The Runtime Extension relies on the `kmp_*` API inside `iomp` share library to fulfill the core binding. The idea is that during the initialization of async threads, `kmp_*` API functions are invoked internally to start up an openmp group with specified number of worker threads. Each worker thread is then bound to the designated physical core(s) inside this openmp group. After initialization, any time you submit a task, the openmp group will serve the requested task.

### Design of Task

Task is an abstraction of computation based on PyTorch module and is scheduled asynchronously. When a task with specific `nn.Module`, `jit module` or `C++ function` is created, a sub-thread which is bound to this task initialized. During the initialization, an openmp worker group is created and bound to this sub-thread. After initialization, the sub-thread spins to wait input. When the main thread submits an input to this task, the sub-thread will wake up and execute the input. The main thread returns a `FutureTensor` and not block until an explicit `FutureTensor.get()` invoking to get the results executed in sub-thread.

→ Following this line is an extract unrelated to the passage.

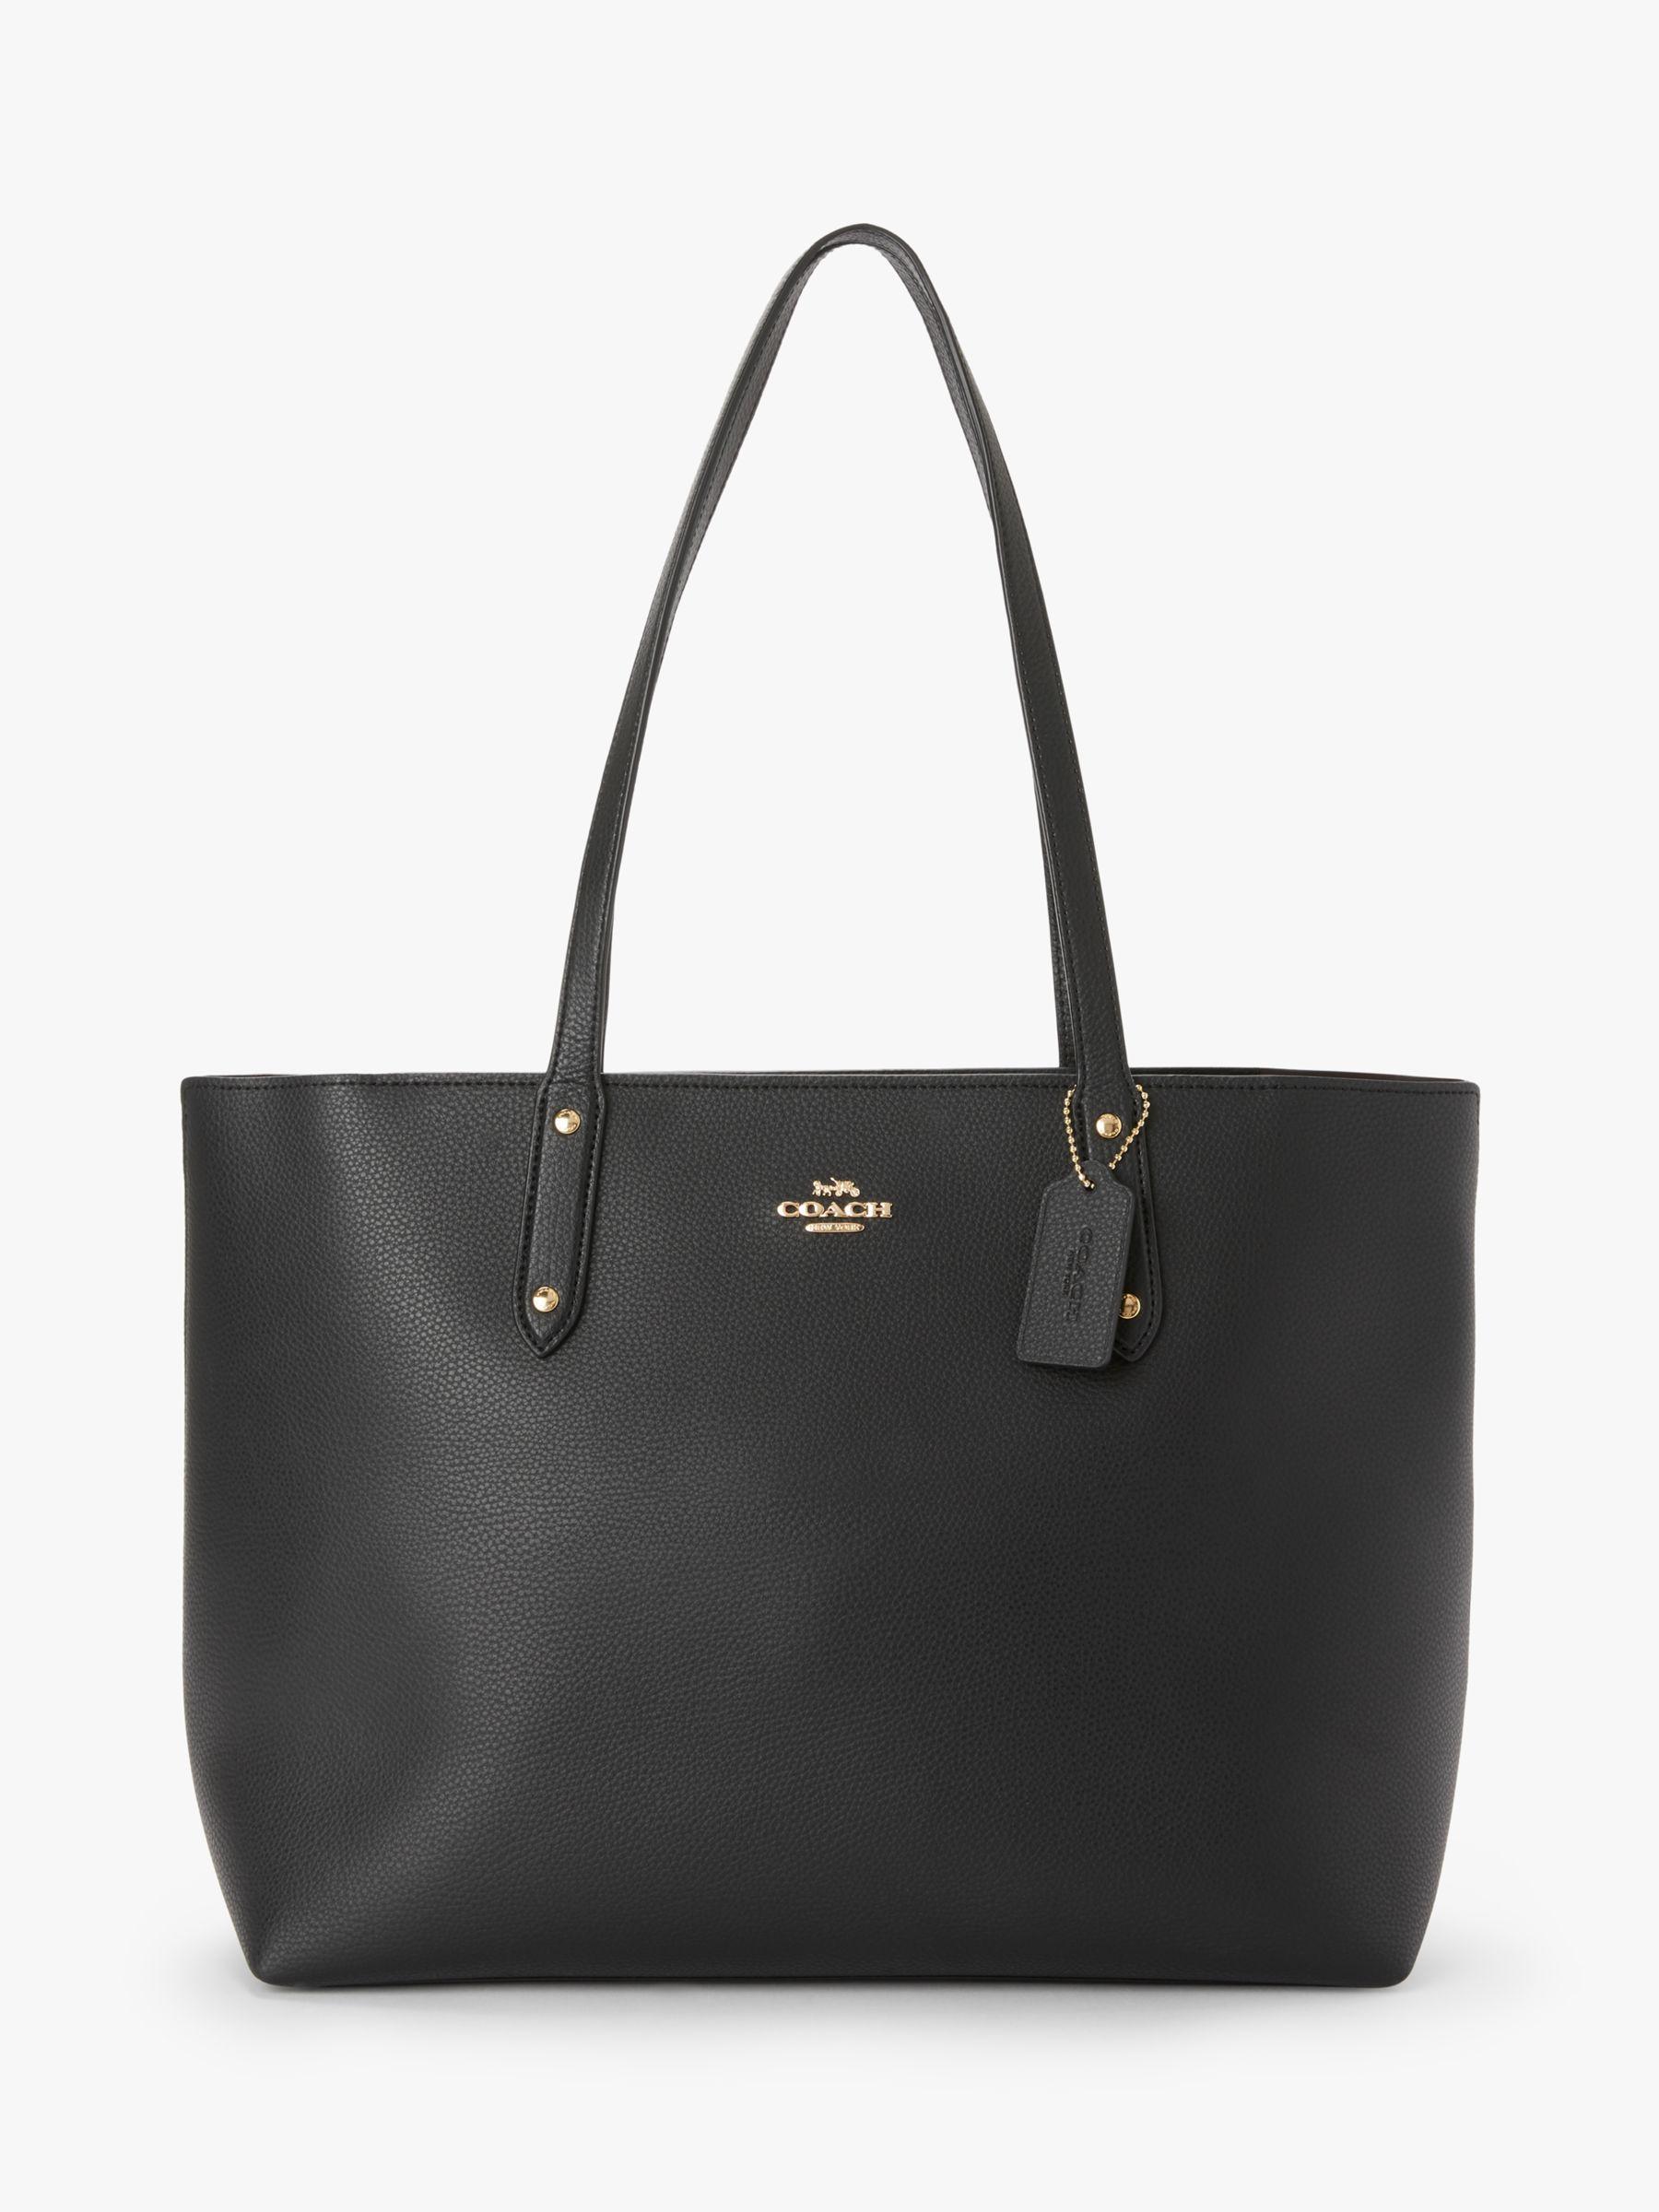 COACH Central Leather Zip Top Tote Bag in Black | Lyst UK

### IOMP preload or load during the runtime

Since Runtime Extension rely on the APIs from IOMP, we need to preload IOMP before executing the application. And we want Intel® Extension for PyTorch\* default build with Runtime API enabled, which means it should work fine w/o loading IOMP if user didn't use the runtime API.

Here we choose to `dlopen` IOMP library during runtime. And we ensure the IOMP symbols initialized once globally.